Through her blurred, tear-filled vision, the world had never been so clear.  She saw past Violante's concerned frown, probably doubting Brianna's sanity... and saw instead her bright pink dress, such a contrast to her old black frocks, that Violante's skin seemed to glow with color from it.  When had that happened?  Judging from the laundry Jacopo had kicked to the floor, a while ago.  Why had Brianna not noticed?  And... and, Violante's birthmark!  It was like it had never been there.  Her mistress's eyes have also lost their cold, lonely look.  How much has been happening that Brianna hadn't been aware of?

 

It was like all the emotions she thought she couldn't feel anymore, after Cosimo's death ( _yes, his death!_ ), had been freed from their imprisonment, and were now overflowing, filling her to the brim.  Suddenly she threw her arms around Violante and gripped her close, like she used to hold her mother when she was Jacopo's age and had just woken up from a bad dream.  "I missed you," whispered Brianna.

 

"I... I missed you too," Violante said back, sounding bewildered.  But she hugged her back.  "Are you alright?"

 

Brianna leaned back and smiled.  Her cheeks felt stiff, not accustomed to such a movement after so long.  "Yes, I'm alright.  I'm great."  _I'm here_ , is what she wanted to say, but she wasn't sure if Violante would understand.

 

A hand tugged at Brianna's skirt.  Jacopo looked up at her, his expression defiant and rueful as ever, but a dull flush covered his cheeks.  "I'm sorry about your necklace," he muttered, not meeting her gaze.

 

Brianna let go of Violante and bent down so she was on Jacopo's eye level.  My, how tall he has gotten!

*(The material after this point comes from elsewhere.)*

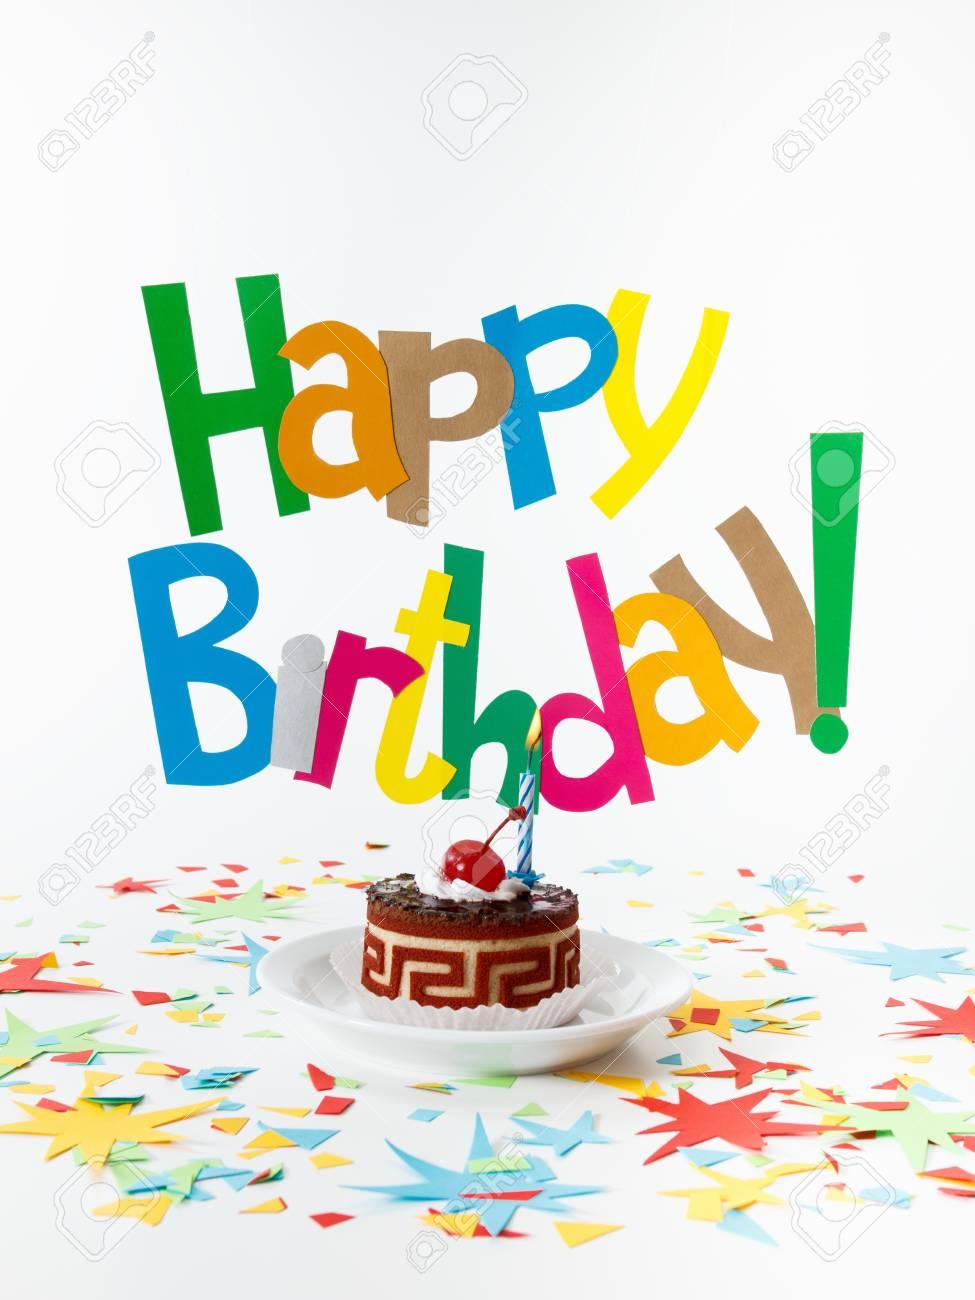 Text Geburtstagsgrüße Und Eine Brennende Kerze Auf Dem Kuchen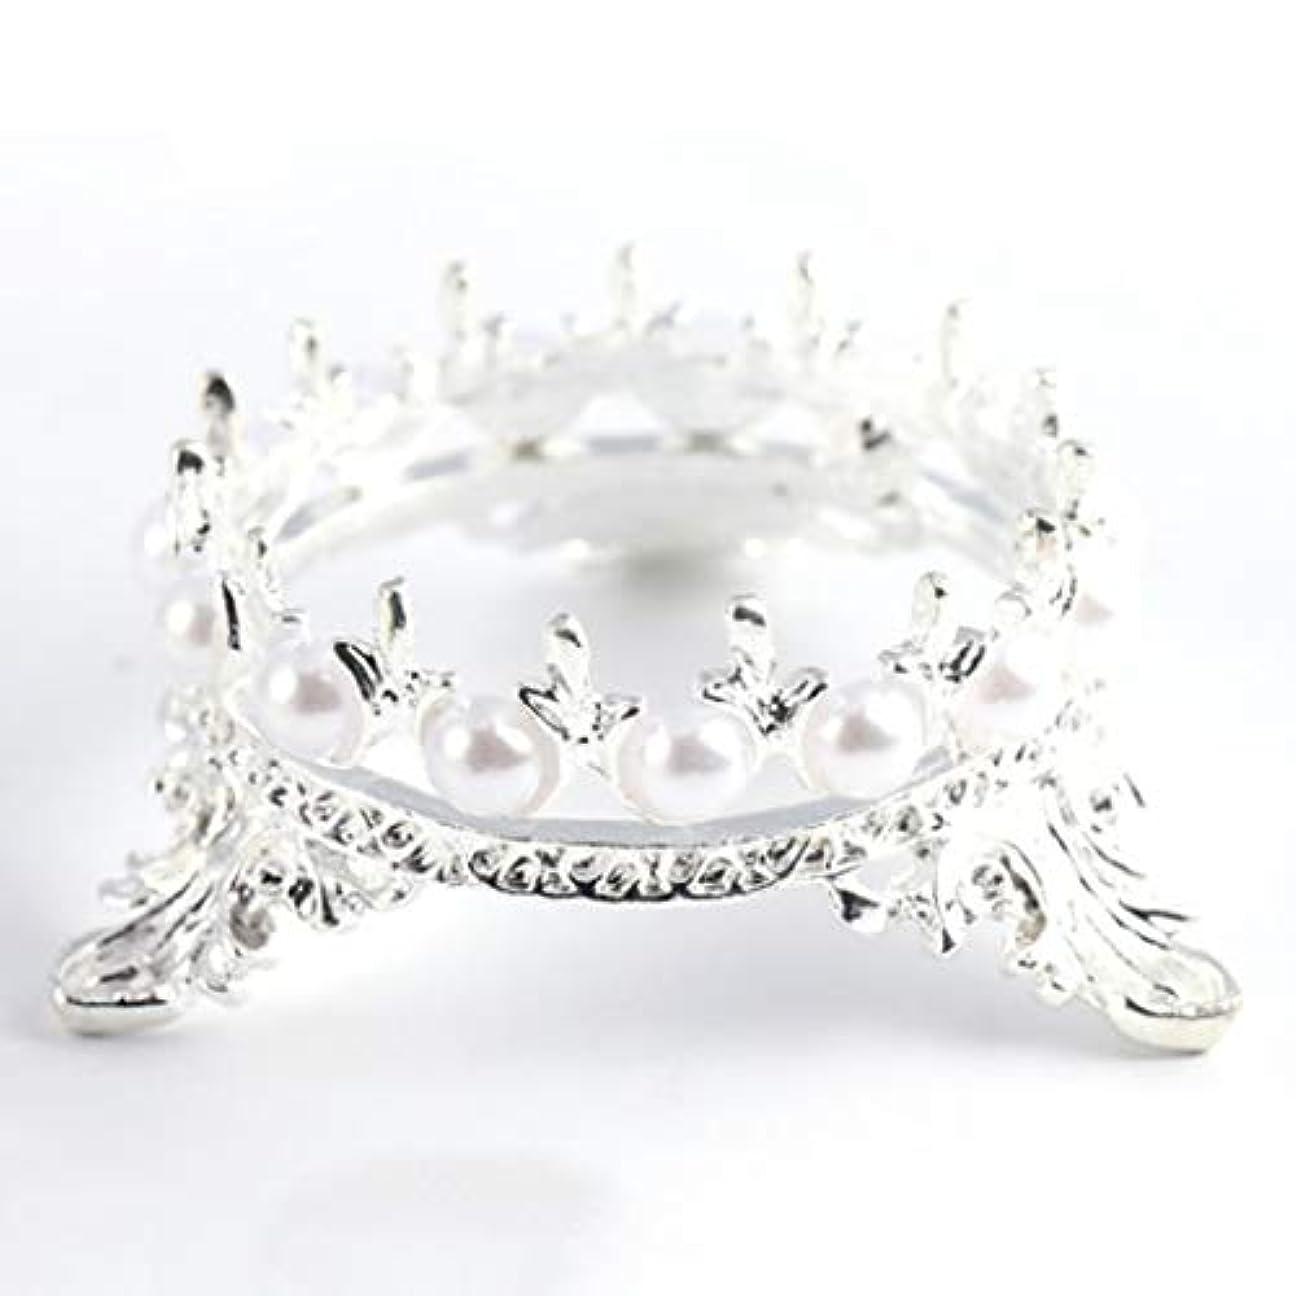 角度泥だらけそれによってOU-Kunmlef 価値のある1 xクラウンスタンドペンブラシホルダーパールネイルアートペンラックマニキュアネイルアートツール必需品(None Silver Crown Penholder)

In a few years he'll be past her height.  He might be even taller than - than Cosimo.  Yes, Cosimo.  She loved him.  She really did.  Or perhaps she only loved the image of that handsome pirnce riding through the castle gates, the valiant figure from the songs her mother would sing to her when she was little.

 

"What does it matter now?"  She was facing Jacopo when she said that, but she really spoke it to herself.  She opened her hand.  The little rock her father - her father! - had given her laid on her palm.  Dustfinger never did ask her just why the flower he had so clumsily drawn on the stone was her favorite.  And she'll never tell him that it was because they looked like the fire blossoms he would conjure her with a graceful flick of his fingers.  Because they reminded her of him, in those days when he was gone.

 

Which was why now she doesn't need them, or this piece of rock... Since he was back this time.  Back for good.  And so was the little girl who used to chase after him.  Brianna hadn't lost her after all.


End file.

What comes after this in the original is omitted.